C’est affirmer l’existence d’un problème de déontologie scientifique. Qui devient médiatique au vu des déclarations faites aux médias.

Des médias qui ont gobé sans esprit critique, ni recul, ni consultation d’experts capables de mettre les travaux de ces deux chercheurs en perspective.

Un dernier mot sur l’agriculture

  1. Francisco Sánchez-Bayo et Kris A.G. Wyckhuys recommandent en conclusion de leur article un changement des pratiques agricoles en termes plutôt nuancés.

Dans le deuxième article du Monde, la parole a tout de même été donnée à un chercheur de l’INRA, M. Jean-Claude Streito, et celui-ci a opiné :

La replantation de haies, la mise en place de bandes enherbées, la plantation de zones fleuries et tout ce qui diversifie les espèces végétales dans le temps et dans l’espace sera favorable au retour de la diversité des insectes.

On ne peut qu’acquiescer. MM. Francisco Sánchez-Bayo et Kris A.G. Wyckhuys ont été plus péremptoire :

À moins que nous ne changions nos façons de produire nos aliments, les insectes auront pris le chemin de l’extinction en quelques décennies.

Et Le Monde d’ajouter :

La restauration des habitats, associée à une réduction drastique des pesticides, serait probablement le moyen le plus efficace de rétablir les populations, en particulier dans les zones d’agriculture intensive, selon le rapport.

Les fantasmes de l’agriculture dite « biologique » – qui n’utiliserait pas de pesticides selon la propagande – pointent le bout de leur nez… Il serait bon que les prescripteurs de remèdes magiques mettent une sourdine.
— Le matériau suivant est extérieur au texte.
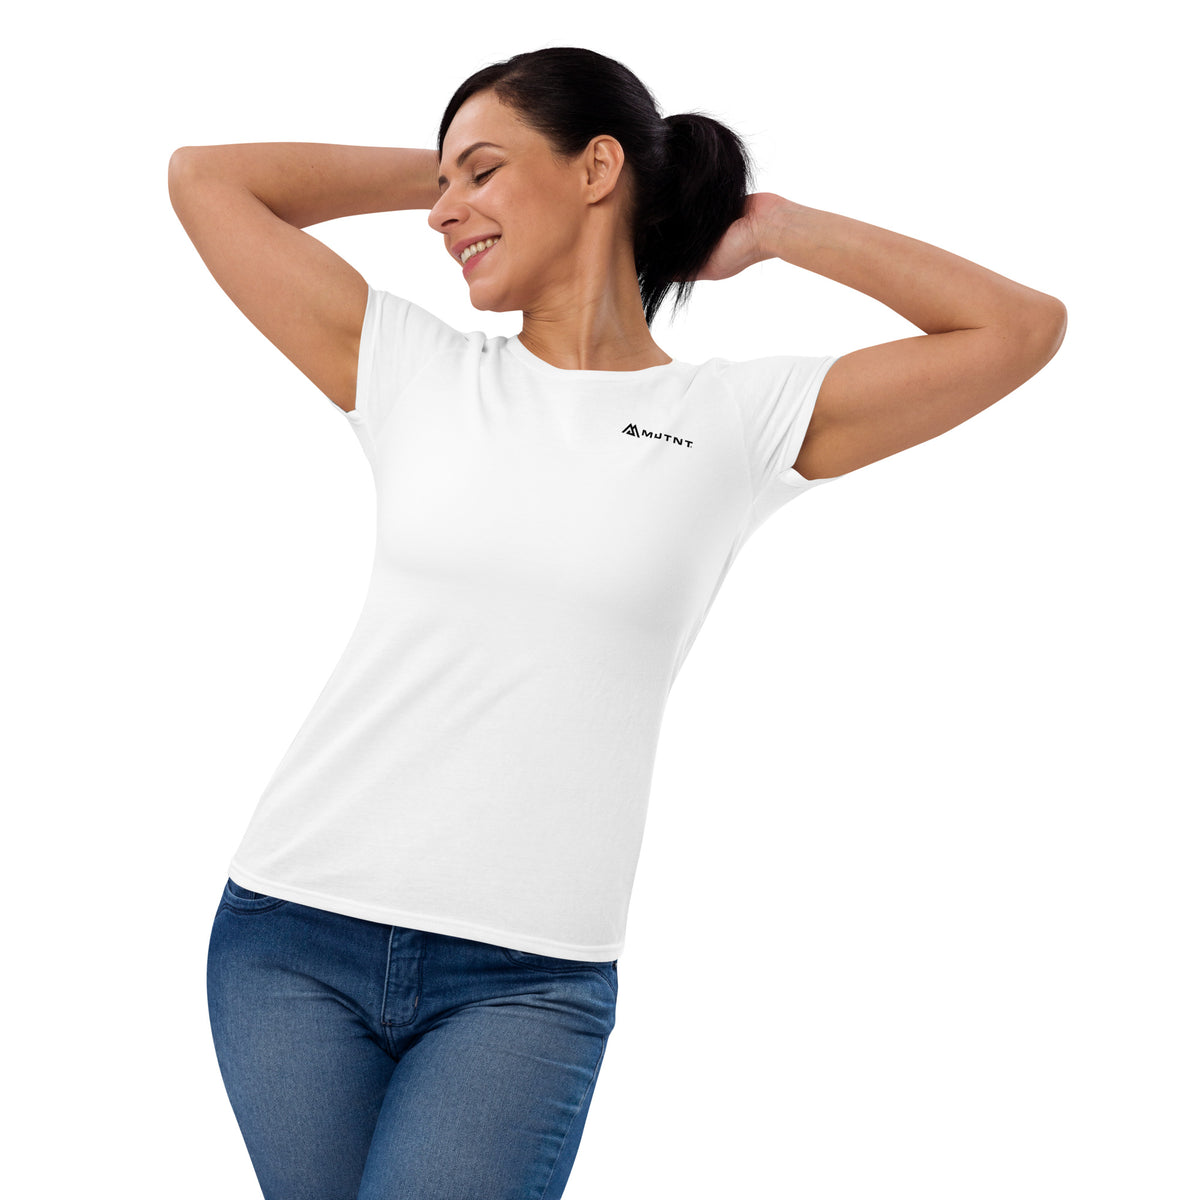 Women&#39;s MUTNT Logo Short Sleeve T-shirt
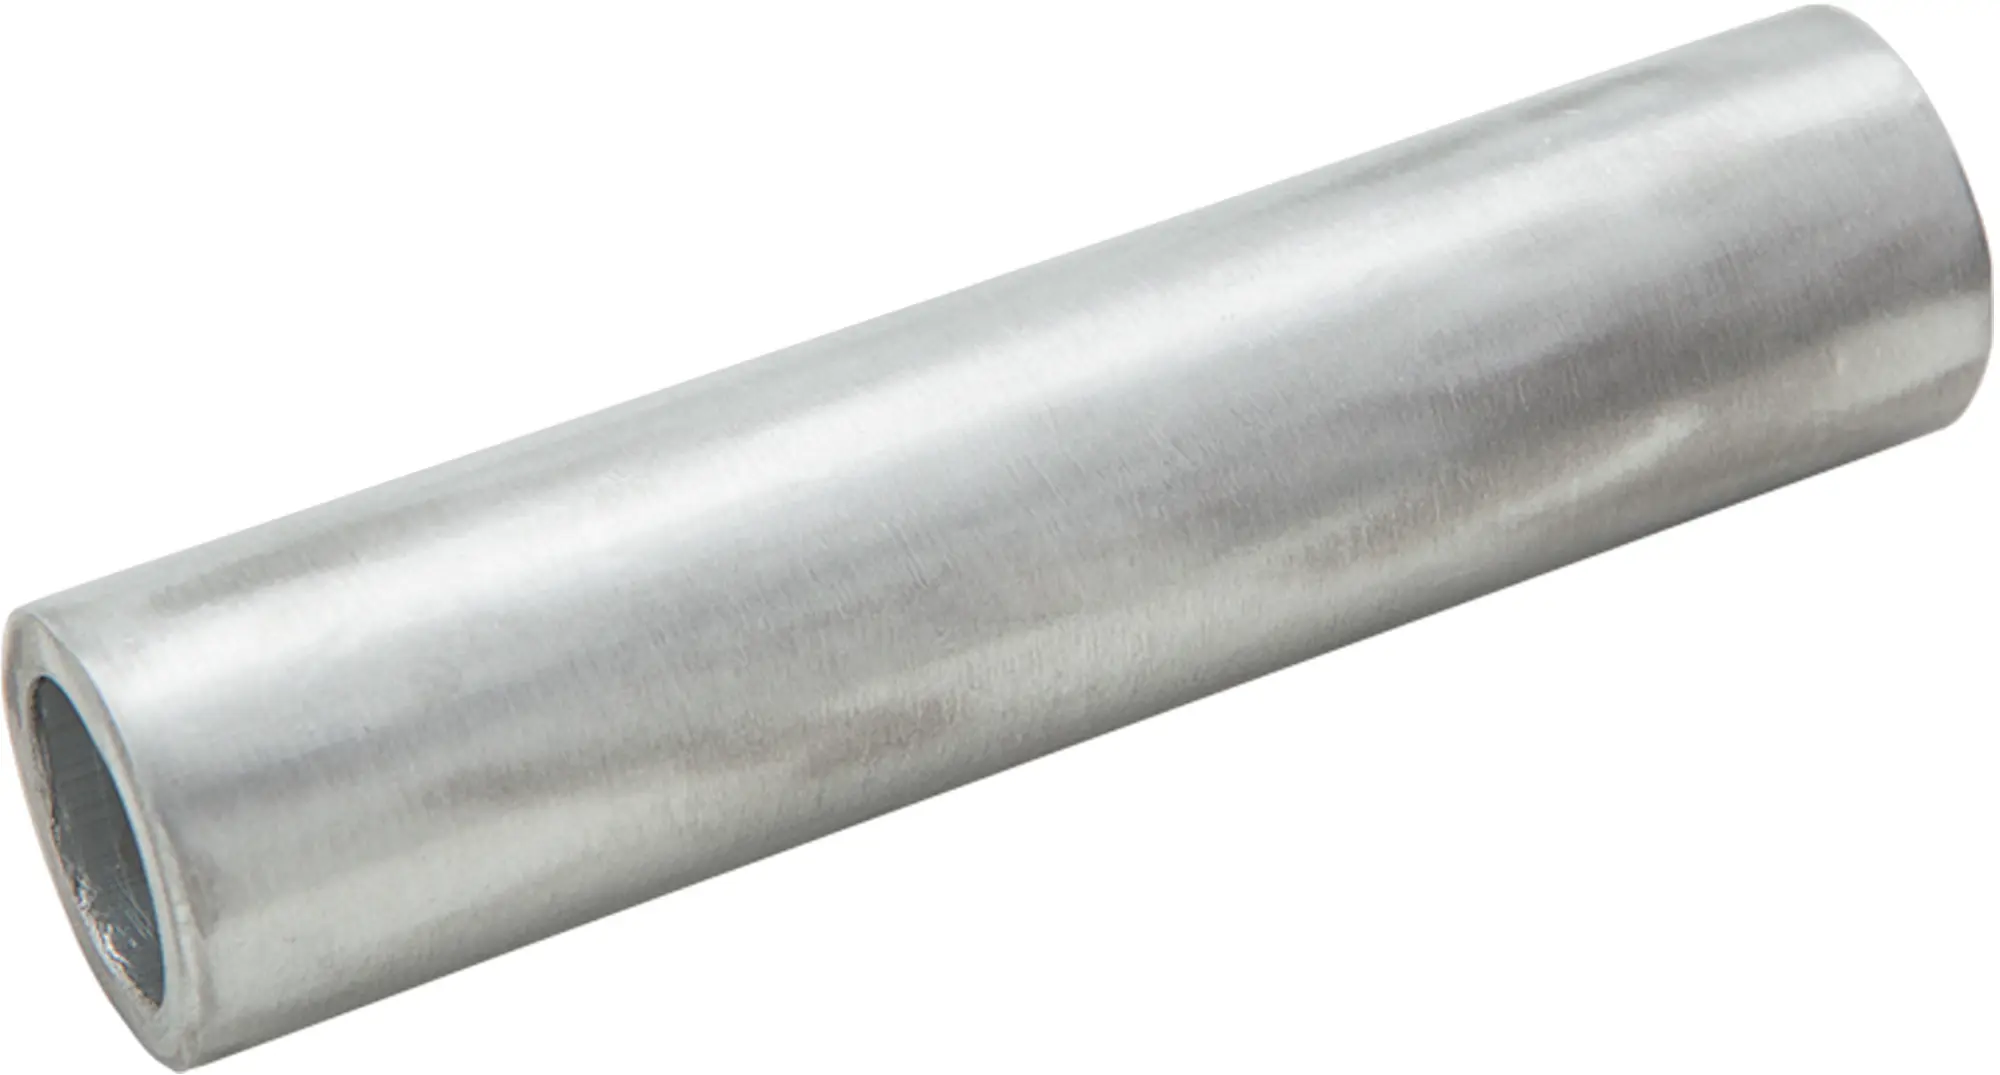 Гильза кабельная луженая Duwi ГМЛ 4-3 мм медь 5 шт. медная луженая кабельная гильза под опрессовку duwi

Quels que soient les modes de production, il faudra nourrir les populations, et une diminution de l’intensivité se traduira forcément par une augmentation des surfaces cultivées requises et d’autres externalités négatives (par exemple l’érosion des sols du fait des labours et autres façons culturales) – à moins de mettre les populations à la diète. Il n’est pas sûr que ce soit la meilleure solution pour les insectes et la biodiversité en général.

Et pendant qu’on s’acharne sur les pesticides, y compris en tabassant un agriculteur, on passe à côté de choses plus importantes.